The goal of the below projects is to enhance the industrial development of sensitized solar cells on a large scale. There are at least two applications where DSCs offers unique selling propositions: i) flexible light weight embodiments to supply electric power in particular for portable electronic devices and ii) Look through electricity glass panels for BIPV. Commercial sales of dye-sensitized solar cells have started in these two markets and some examples are shown in the figures below.

i) The conception and synthesis of a new class of sensitizers that achieve high device performance and durability while responding at the same time to the strong market demand for DSSC glass panels for specific colors in particular green and blue. These sensitizers will be used in BIPV end products, which will be marketed by g2e for glazing and building façade applications. In addition to ruthenium complexes, organic donor acceptor dyes will be explored in this direction. We shall develop new routes for preparing an intensely blue organic dye whose synthesis can be upscaled to the 100 kg quantities at a cost of < 100 CHF/g. We shall also endow the currently used green porphyrin dye with stronger anchoring groups and simplify their synthesis. Further more we shall design and synthesize highly stable novel organic sensitizers, which response in the visible and near IR regions having absorption coefficients of over 100,000 M-1 cm-1.The target sensitizers are phthalocyanines and novel donor- chromophore-acceptor organic dyes

ii) The development of novel ionic liquid electrolytes (ILE) that achieve high solar to electric power conversion efficiencies (PCEs) for currently used formulations while offering the high stability and transparency required for applications of DSSC glass panels in the building industry. Alternate new ionic liquids are selected from the collaborative work with Lonza and Merck companies and the electrolyte compositions will be formulated to achieve targeted high device performances. The synthesis of these new ionic liquids is cheaper than the state of the art ionic liquid. New solid state formulations employing gel forming agents and inorganic nano-composites will be realized that ascertain excellent prospects for large scale applications and will accelerate market penetration of the electric power generating glass panels produced by industrial partners.

iii) The development of new nanostructured titania films, whose pore size, shape and porosity will be engineered to sustain photocurrent densities of up to 20 mA/cm2 without suffering mass transport limitations when used in conjunction with the new ionic liquid electrolytes. This is a necessary condition to meet the ambitious  efficiency goals set for ionic liquids.

iv) Development of perovskite solar cells (PVCs). LPI maintains a leading position in the field metal halide perovskite solar cells whose meteoric rise in efficiency to a current certified level of 17.9% has stunned the PV community. A major thrust of our current research is dedicated to exploit the full strength of these low cost and solution processed photovoltaics which have the potential to reach or even surpass power conversion efficiencies of 20%.  Nevertheless, this technology is still in its infancy and there remain major challenges such as ascertaining long time stability under outdoor conditions, which we shall address. (M.Grätzel Nature Materials 2014, 13, 838).

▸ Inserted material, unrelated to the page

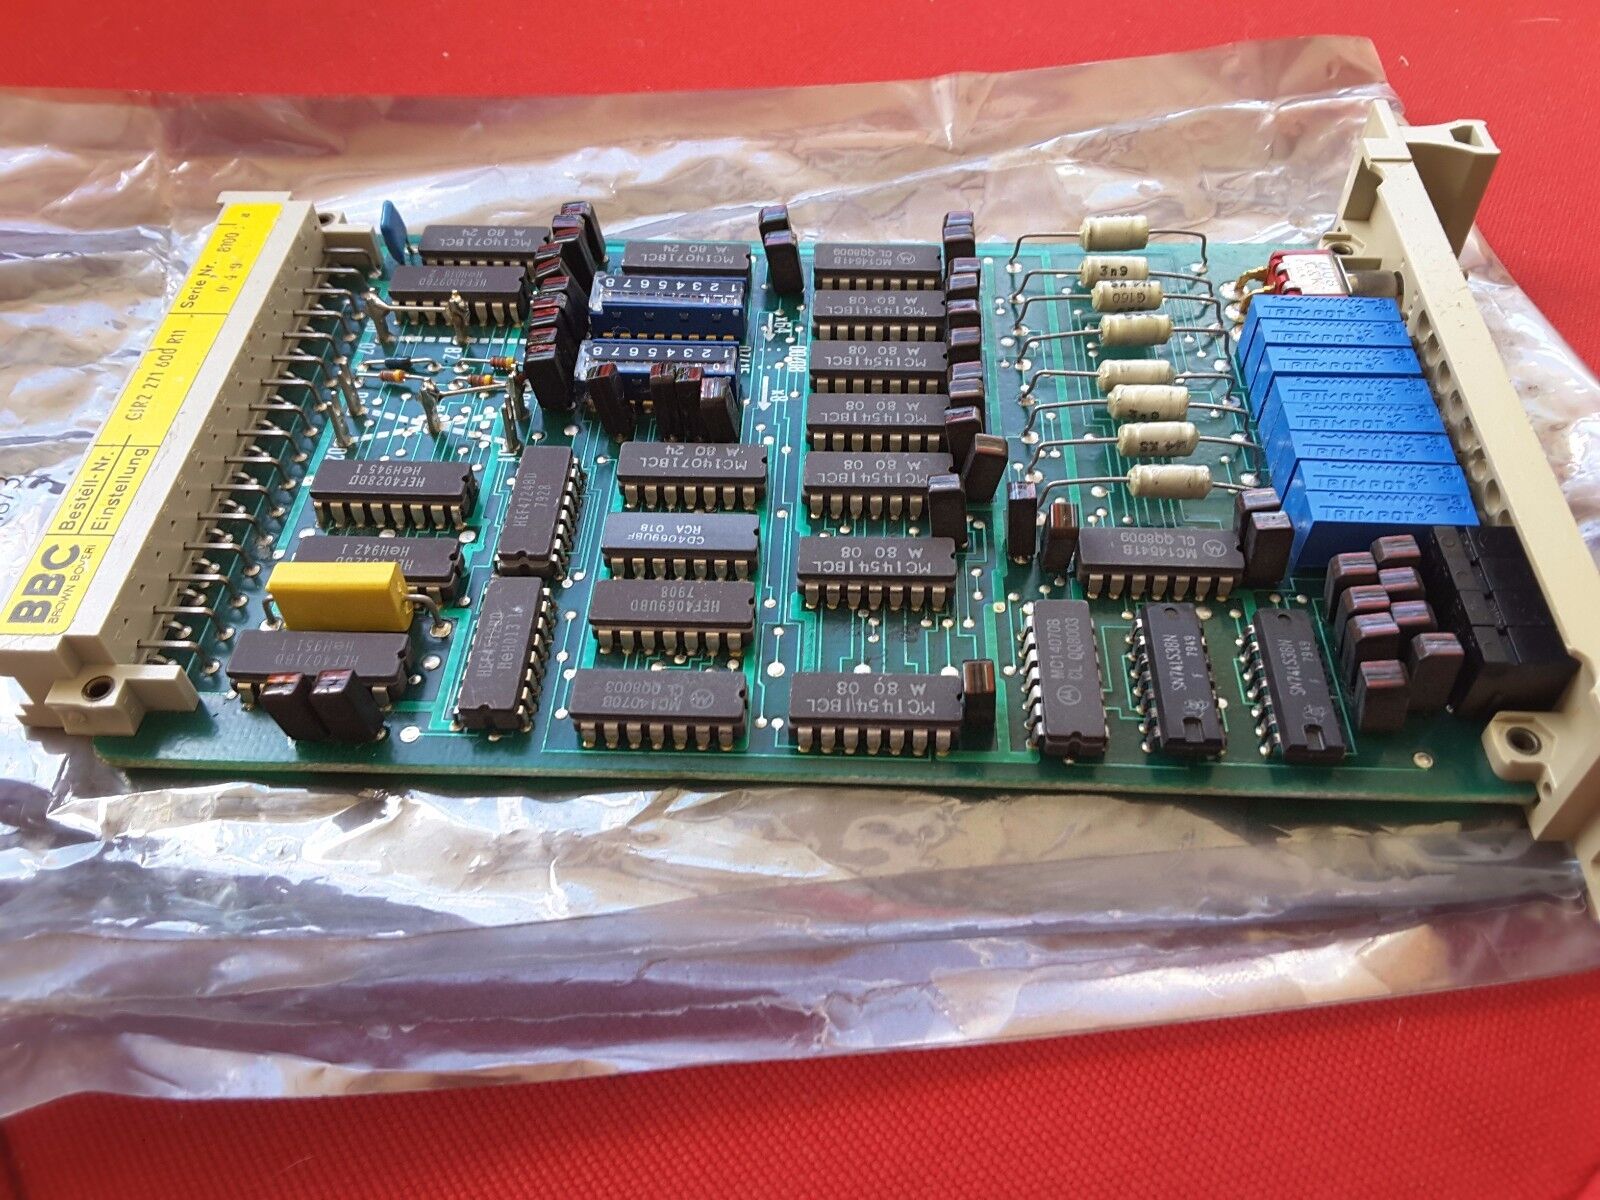  brown boveri GJR2271600r11 circuit board used RARE $299
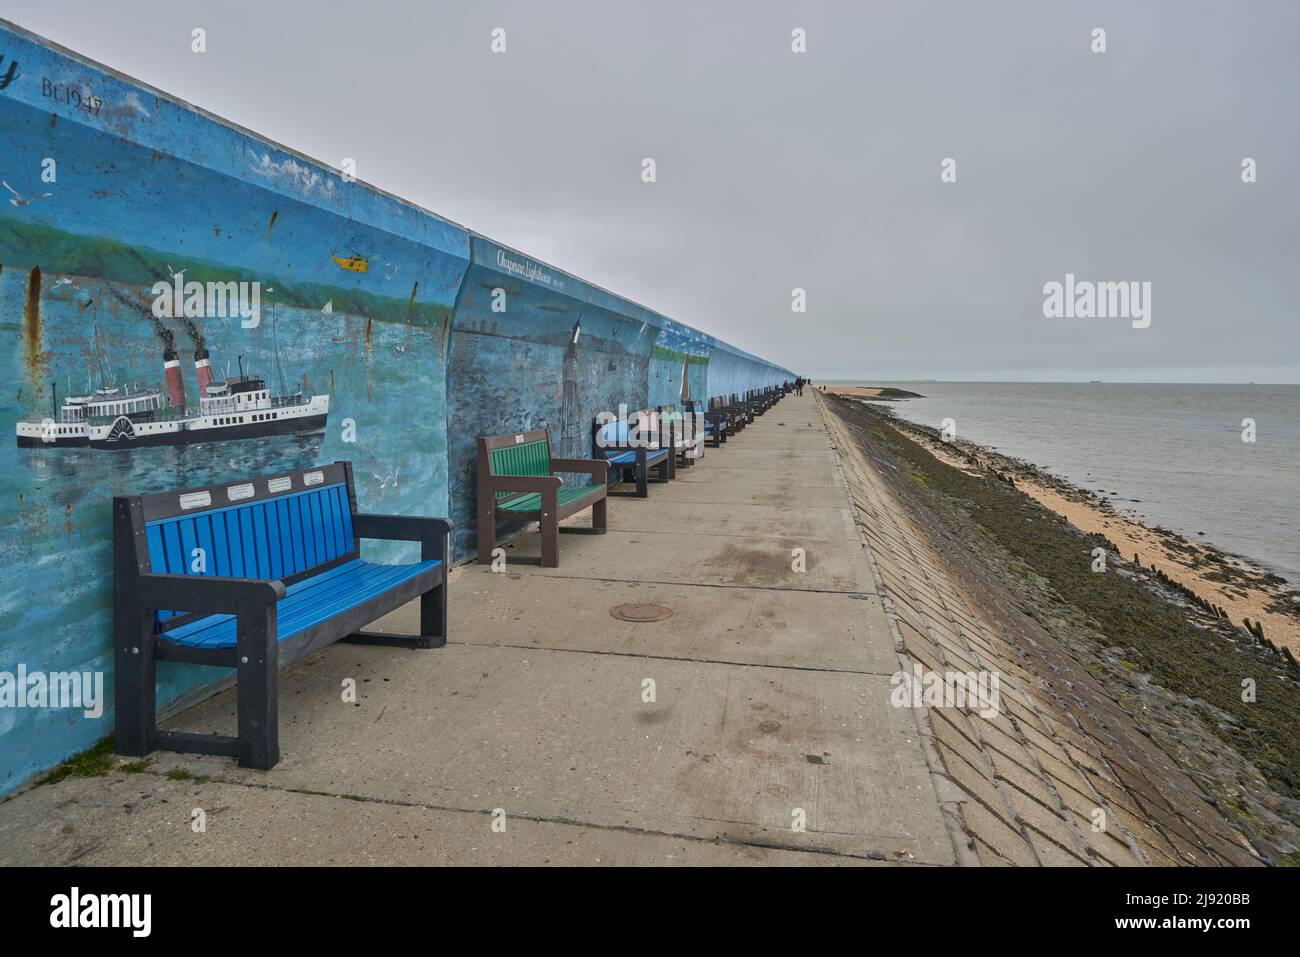 Panca al mare. Panca all'isola di Canvey., panca pubblica con posti a sedere Foto Stock

These goals will be reached through introducing revolutionary new concepts in the choice of the three materials that play a key role for their performance and durability of the DSSC, i.e., the light haresting pigment, the electrolyte or hole conductor and the mesoporous TiO2 scaffold. His research output will pave the way to enhance the production and sales of a new generation of durable and highly efficient glass panels that meet the esthetic and high quality demand of the market.